【codeforces】Codeforces Round #291 (Div. 2) 题解
这个寒假懒到爆啦~题目做了也都没写题解,今天补一个~这套题今天自己开了虚拟比赛模拟了下,只做出四题,感觉自己弱爆了T T,E题是吃饭的时候突然想到解法的。
传送门:【codeforces】Codeforces Round #291 (Div. 2)
514A. Chewbaсca and Number
模拟就好了,注意开头数字为9不能变。
#include <cstdio>
#include <cstring>
#include <cmath>
#include <map>
#include <iostream>
#include <algorithm>
using namespace std ;
typedef long long LL ;
typedef unsigned long long ULL ;
#define rep( i , a , b ) for ( int i = ( a ) ; i < ( b ) ; ++ i )

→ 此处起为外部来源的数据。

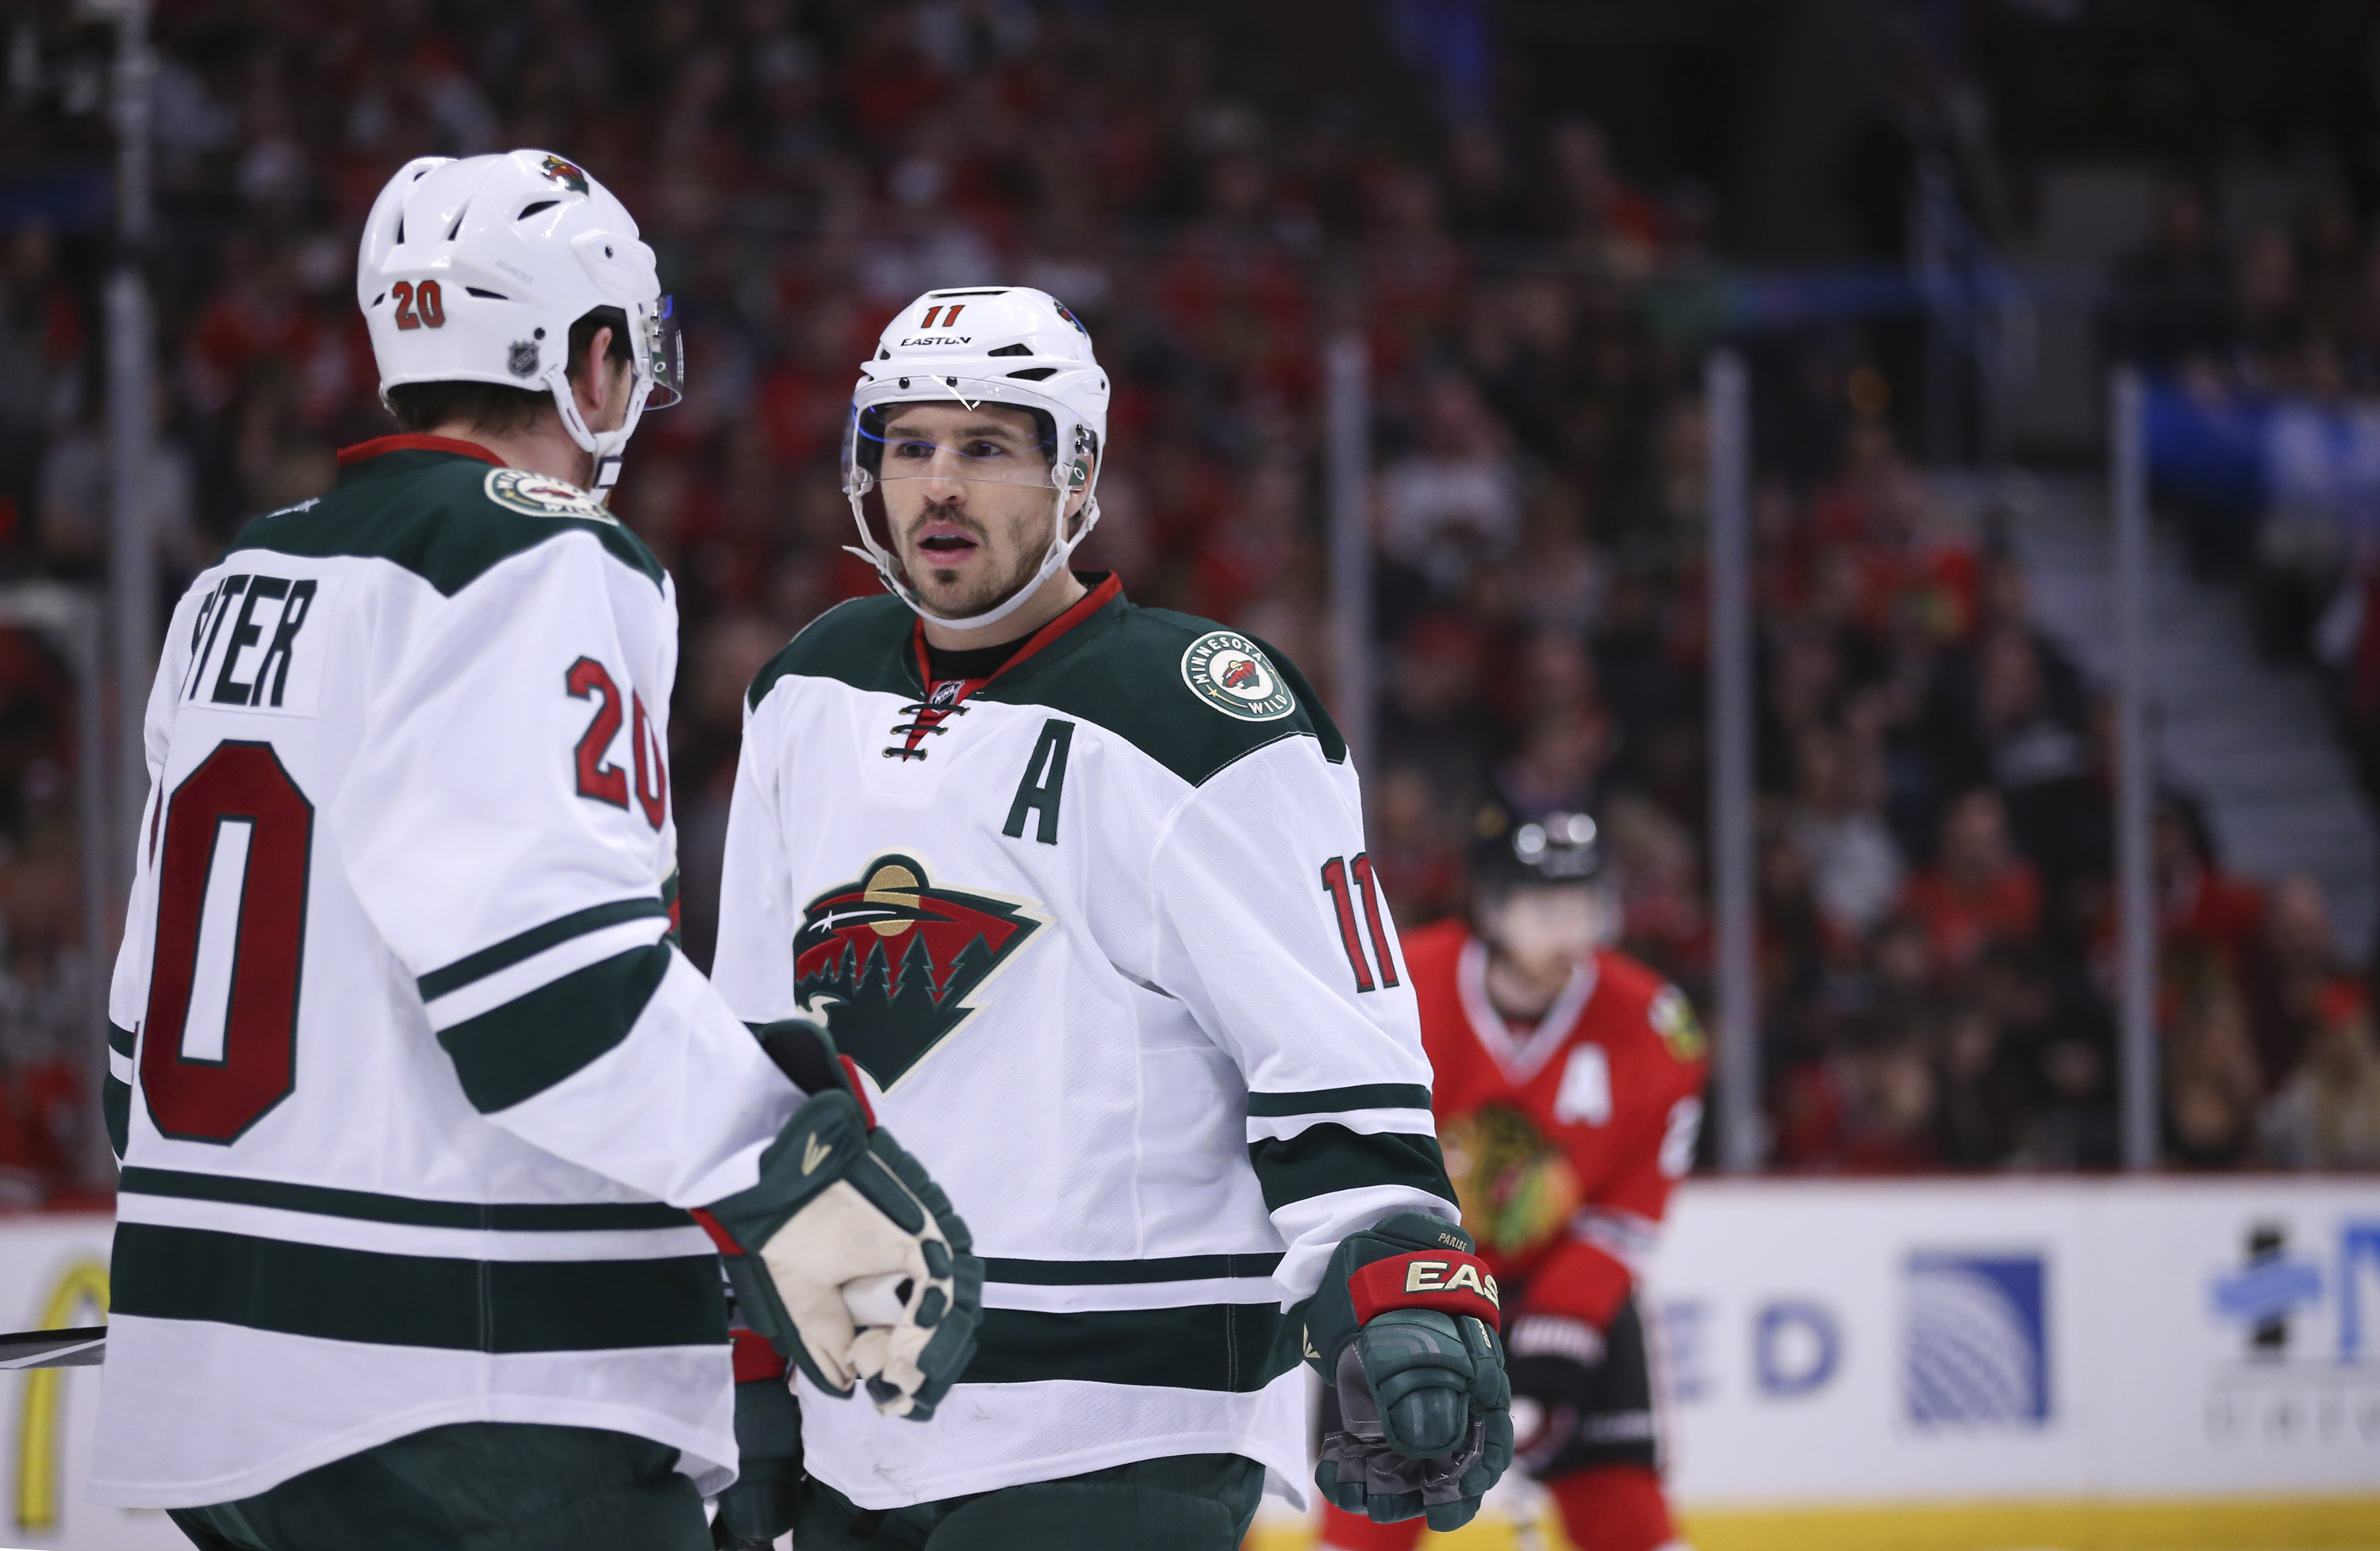 Souhan: Wild wanted both Zach Parise and Ryan Suter gone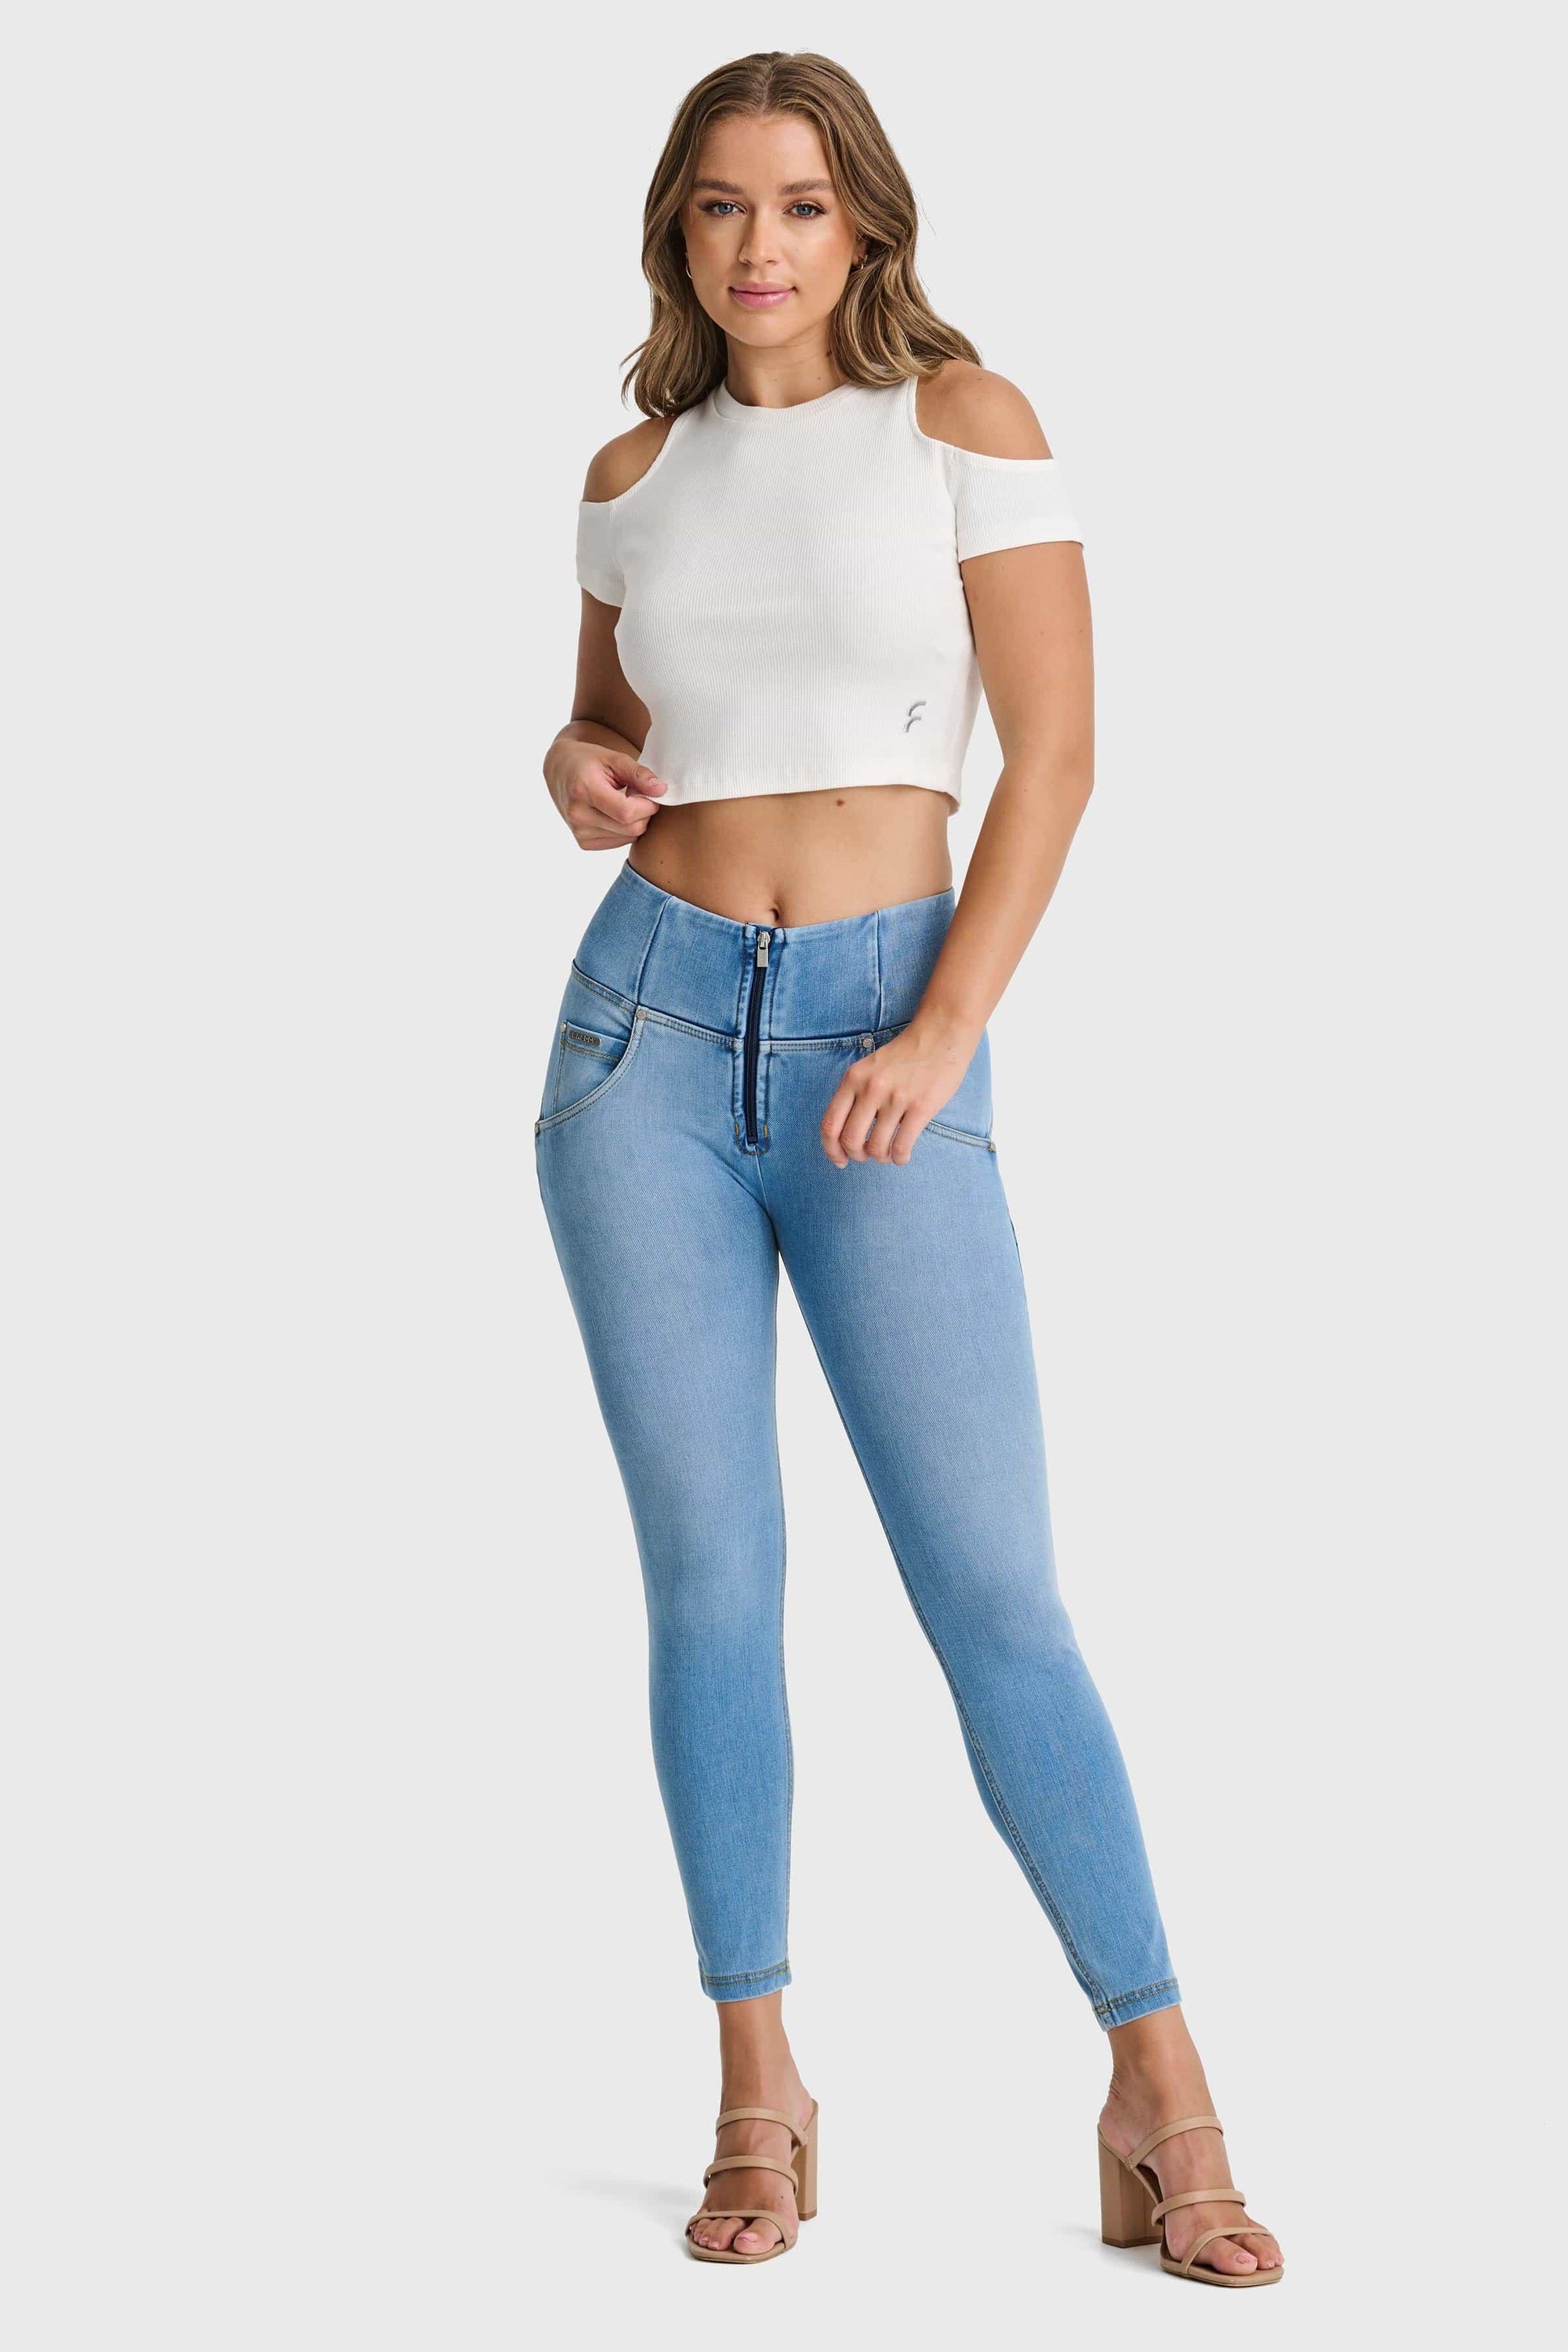 Cropped Cut Out T Shirt - White 3

#define For( i , a , b ) for ( int i = ( a ) ; i <= ( b ) ; ++ i )
#define rev( i , a , b ) for ( int i = ( a ) ; i >= ( b ) ; -- i )
#define clr( a , x ) memset ( a , x , sizeof a )
const int MAXN = 30005 ;
char s[MAXN] ;
void solve () {
int n = strlen ( s ) ;
rep ( i , 0 , n ) {
if ( s[i] >= '5' ) {
if ( s[i] == '9' && !i ) continue ;
s[i] = 9 - ( s[i] - 48 ) + 48 ;
}
}
rep ( i , 0 , n ) printf ( "%c" , s[i] ) ;
printf ( "\n" ) ;
}
int main () {
while ( ~scanf ( "%s" , s ) ) solve () ;
return 0 ;
}
514B. Han Solo and Lazer Gun
极角排序搞一下,就好啦。我是把弧度小于0的都加上一个pi,但是蠢蠢的忘了0也是要的,wa了N次。
#include <cstdio>
#include <cstring>
#include <cmath>
#include <map>
#include <iostream>
#include <algorithm>
using namespace std ;
typedef long long LL ;
typedef unsigned long long ULL ;
#define rep( i , a , b ) for ( int i = ( a ) ; i < ( b ) ; ++ i )
#define For( i , a , b ) for ( int i = ( a ) ; i <= ( b ) ; ++ i )
#define rev( i , a , b ) for ( int i = ( a ) ; i >= ( b ) ; -- i )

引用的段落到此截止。